MoPub Gives Twitter $24M In Q4, Still About 5% Of Overall Revenue

Twitter released its Q4 2014 earnings on Thursday, reporting advertising revenue of $432 million, nearly double what it was one year ago. And mobile ad revenue made up 88% of that $432 million (about $380 million).

But how much of a factor was MoPub, the mobile ad exchange Twitter acquired for $350 million in late September? Midway through 2014, MoPub was growing a bit faster than people expected, and it was projected to account for roughly 5% of Twitter’s total revenue on the year as a whole.

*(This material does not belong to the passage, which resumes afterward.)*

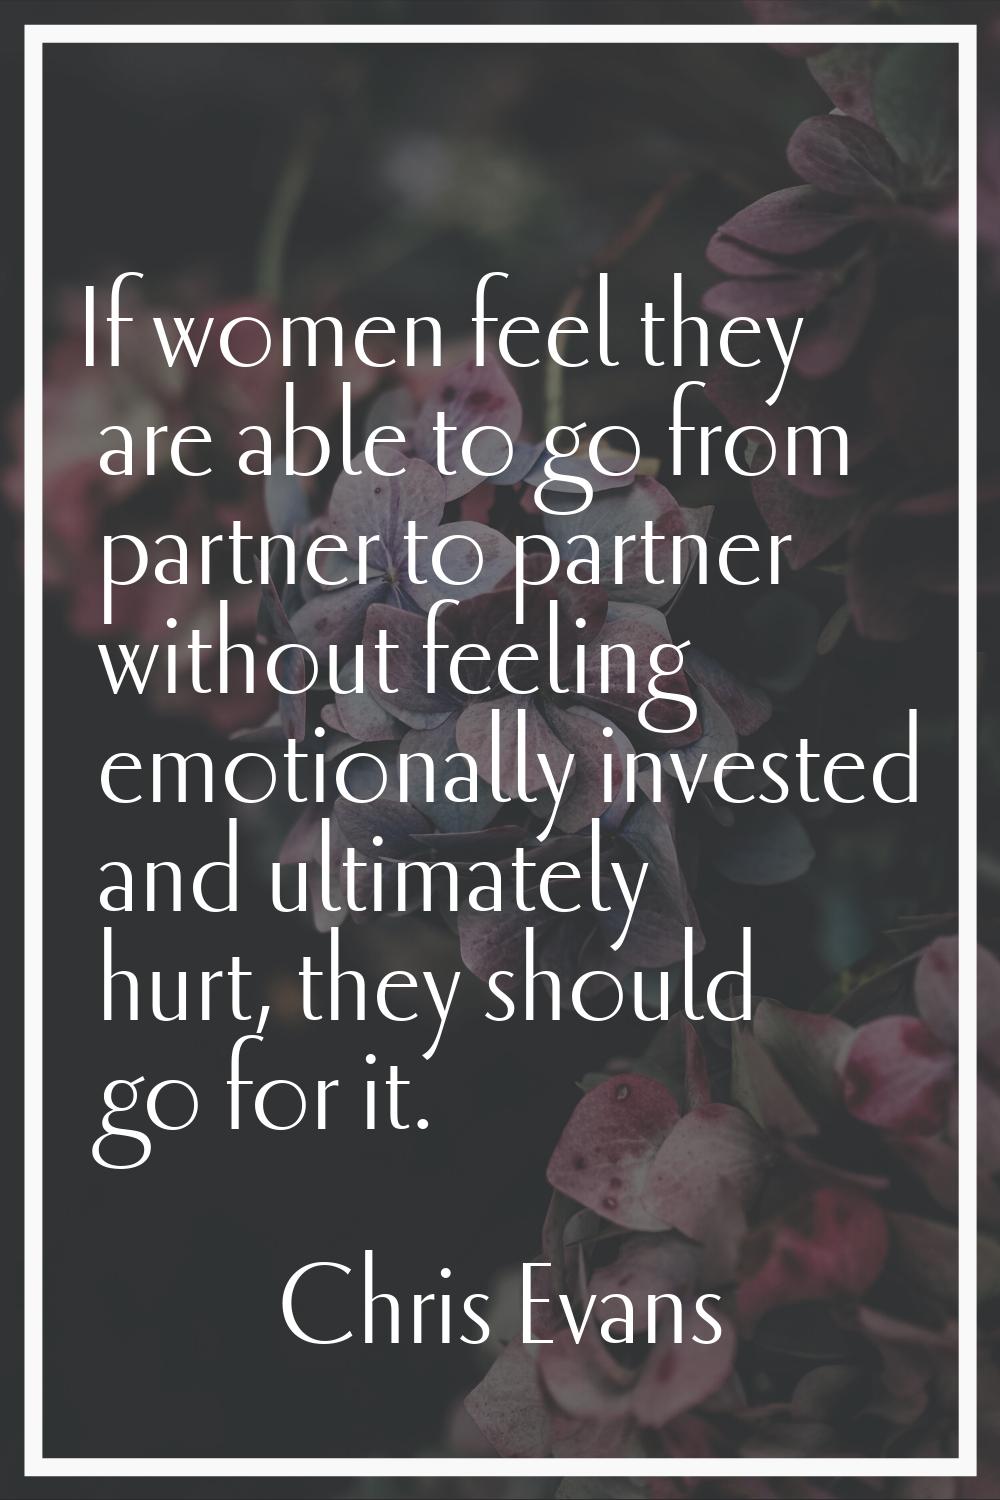 If women feel they are able to go from partner to partner without feeling emotionally invested and

Estimates suggest that's exactly what it did. Twitter said on its earnings call that their exchange business doubled year-over-year, “so if last year 4Q was $12mm, then this quarter it is $24mm, which would be around 5% of total,” remarked Brian Wieser, senior analyst at Pivotal Research.

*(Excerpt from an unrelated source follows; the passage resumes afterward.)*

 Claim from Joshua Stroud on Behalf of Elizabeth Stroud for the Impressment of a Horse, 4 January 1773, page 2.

Twitter's 2014 revenue was about $1.4 billion. About 5% of that would be $70 million. Initial estimates projected MoPub to account for anywhere between $56 million and $67 million.

The $70 million figure is just an estimate (Twitter didn't disclose exact figures surrounding MoPub's revenue), but since MoPub had been about 5% of Twitter's total revenue all year -- and since Wieser's math notes that it was about 5% again in Q4 -- the $70 million figure seems fair. It seems that at worst, MoPub's revenue landed somewhere within projections. 

The fact MoPub’s business is growing with Twitter’s is encouraging, and Twitter isn’t sleeping on the ad exchange. In its report, Twitter notes that last quarter it held its first mobile developer conference, where it unveiled monetization offerings through MoPub, among other things.

Twitter also recently rolled out its new developer platform, Fabric, to allow programmers to build and distribute apps, which can then be monetized via MoPub.

“By providing a ‘foundation’ for developer initiatives, [Twitter CEO Dick] Costolo said Fabric -- in unison with its MoPub ad-serving platform -- presented ‘enormous’ monetization opportunities,” wrote Social Media and Marketing Daily earlier this week in a piece covering Twitter’s plans to expand its Promoted Tweets offering.

MoPub continues to strike new partnerships as well, such as an integration with Marin announced earlier this week and a native-focused deal inked with Thinknear just last week.